Chapter: 2 Science & Engineering Indicators 93
Bachelors Degrees by Sex
Women make up 55 percent of the undergraduate population and receive 56 percent of the bachelors degrees in the
social sciences. (Click here for footnote 22.) Women are approaching similar parity in a few fields of the natural sciences. For example, women received 49 percent of the bachelors degrees in the biological sciences in 1991. (See text table 2-6.) However, women received only 32 percent of the bachelors degrees in the physical sciences in 1991. Physics departments have only 5 percent female faculty and few minorities, perhaps adding to the difficulty of attracting these student populations (SRS 1992e). Males obtain the vast majority of engineering and engineering technology degrees, and the majority of mathematics/computer sciences degrees.
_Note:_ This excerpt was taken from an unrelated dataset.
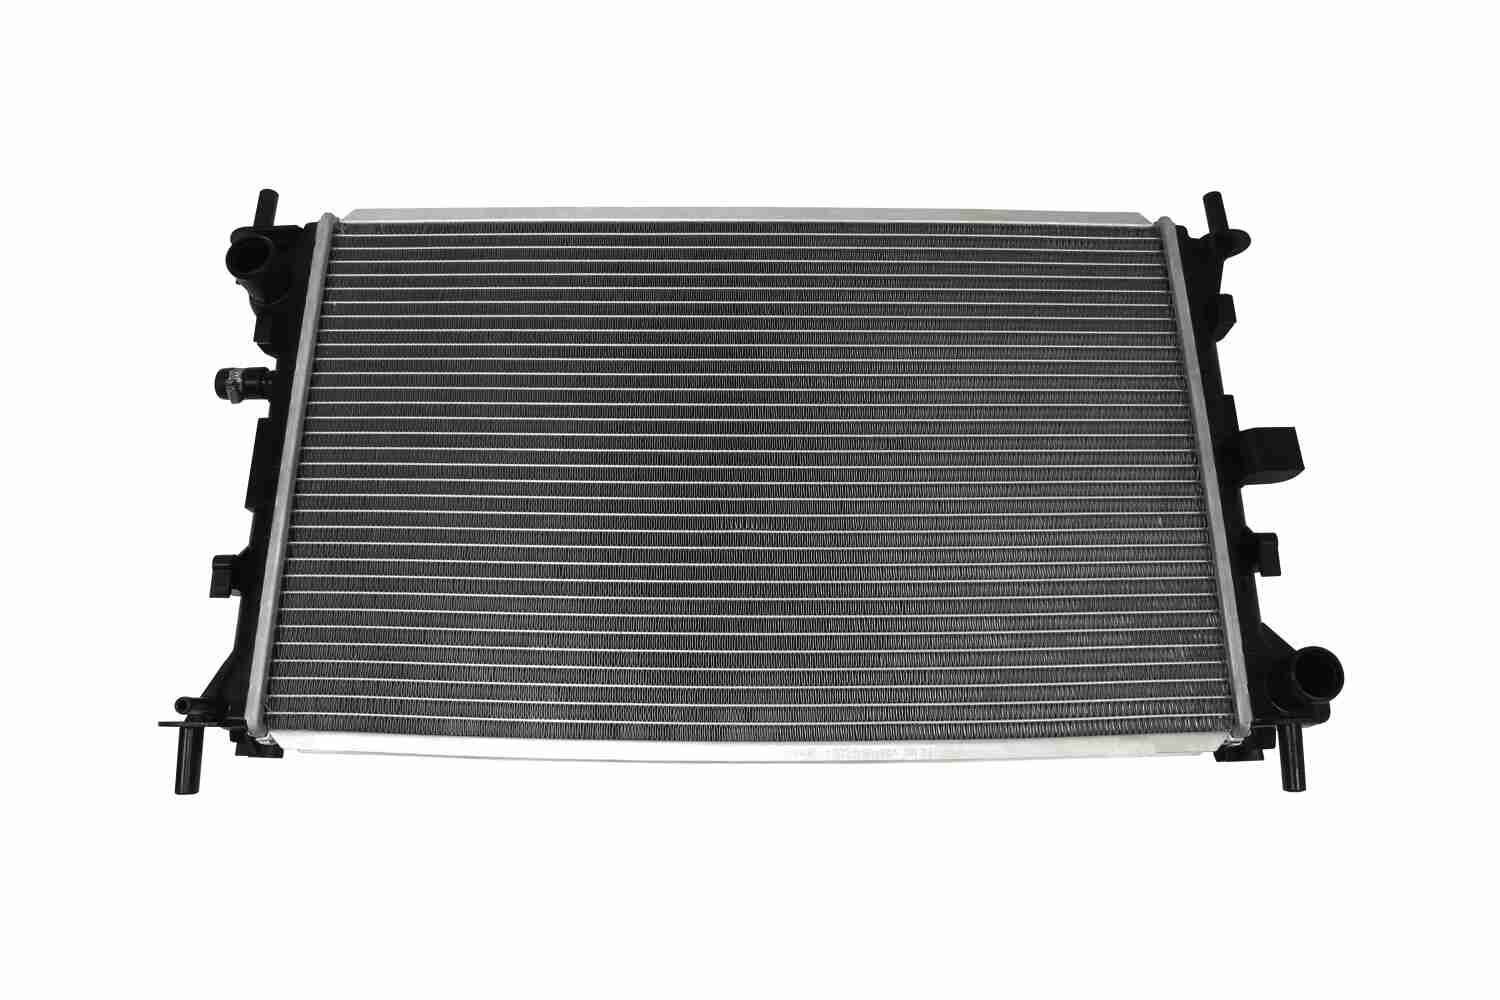 VEMO V25-60-0004 Engine radiator for vehicles with/without air conditioning, 610 x 361 x 26 mm, Original VEMO Quality, Manual Transmission
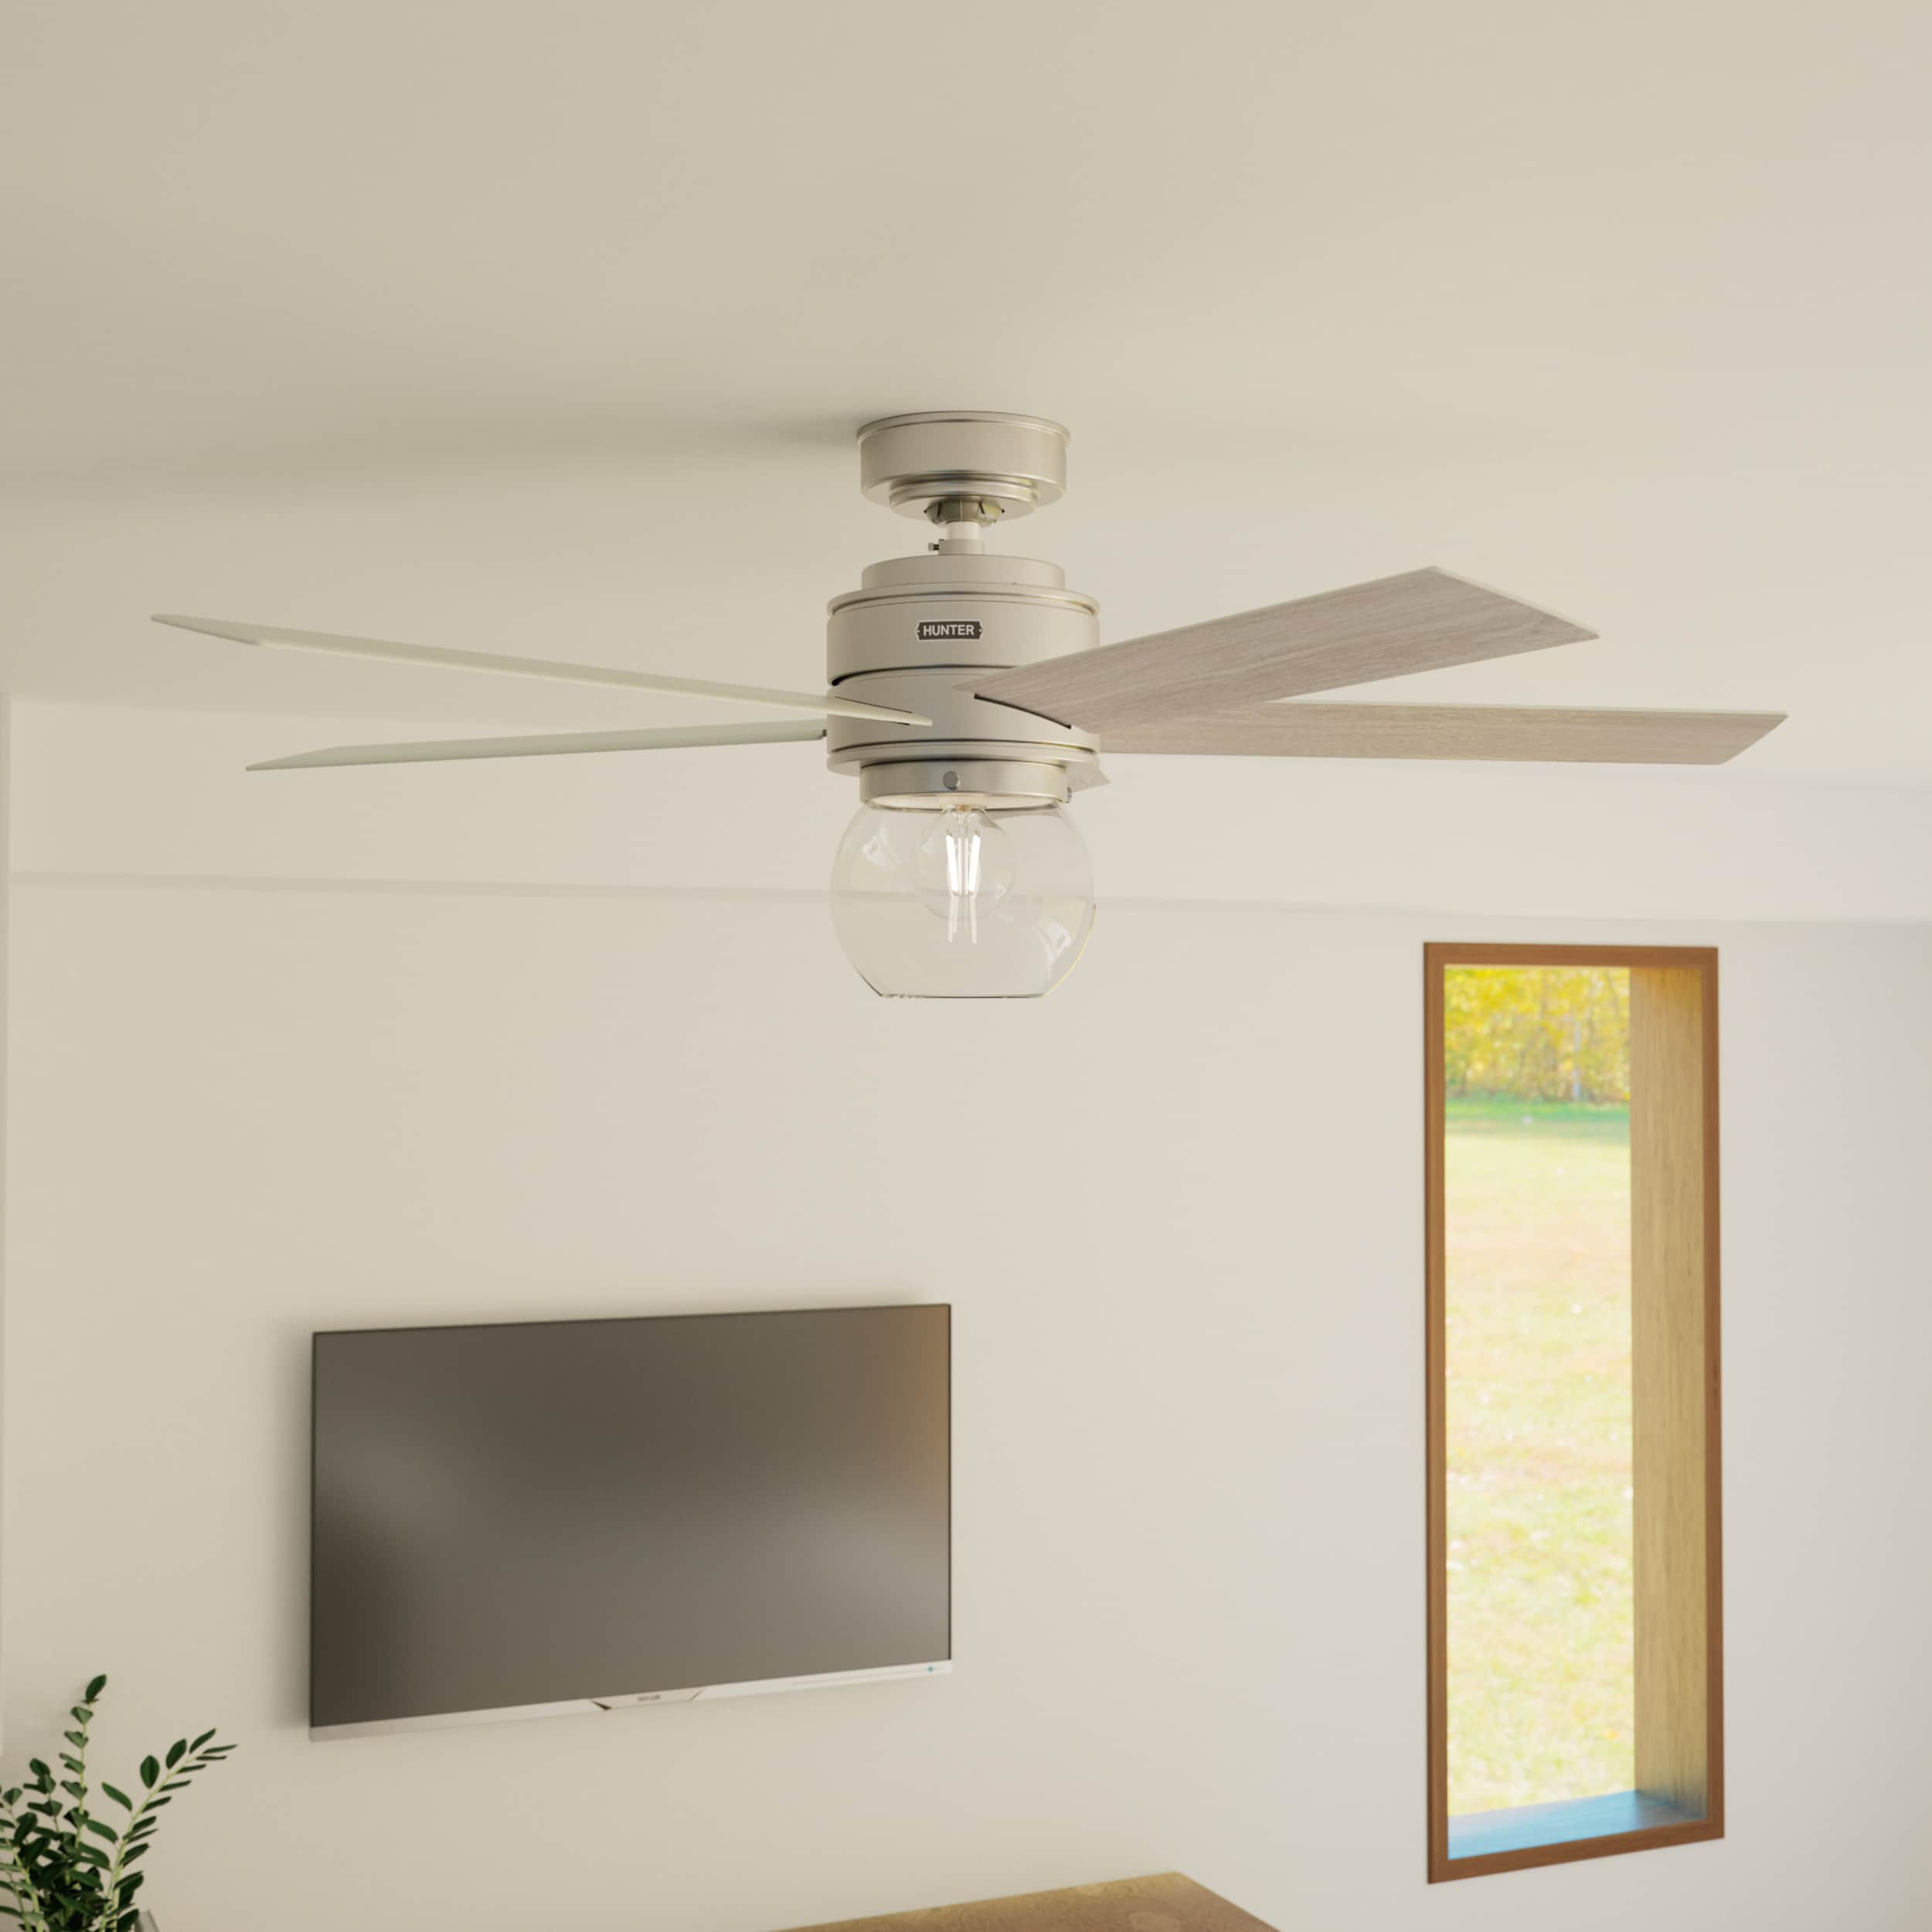 Hunter Xidane SureSpeed 52-in Brushed Nickel Indoor Ceiling Fan with Light  and Remote (5-Blade)

Overall, the increasing equality in the natural sciences has not resulted from large increases in the number of female degrees between 1975 and 1991; degrees to females during this period increased only 1 percent annually, from 23,000 to 29,000. Rather, there is a higher female participation rate because degrees awarded to females did not decline, as they did for men. Degrees awarded to men in the natural sciences began to decline in 1977, dropping 3 percent annually from 65,000 in 1977 to 36,000 in 1991. (See appendix table 2-19.)


Footnote 22:
Perhaps not coincidentally, the full-time faculty of U.S. sociology departments includes a high proportion (41 percent) of women (SRS 1992f).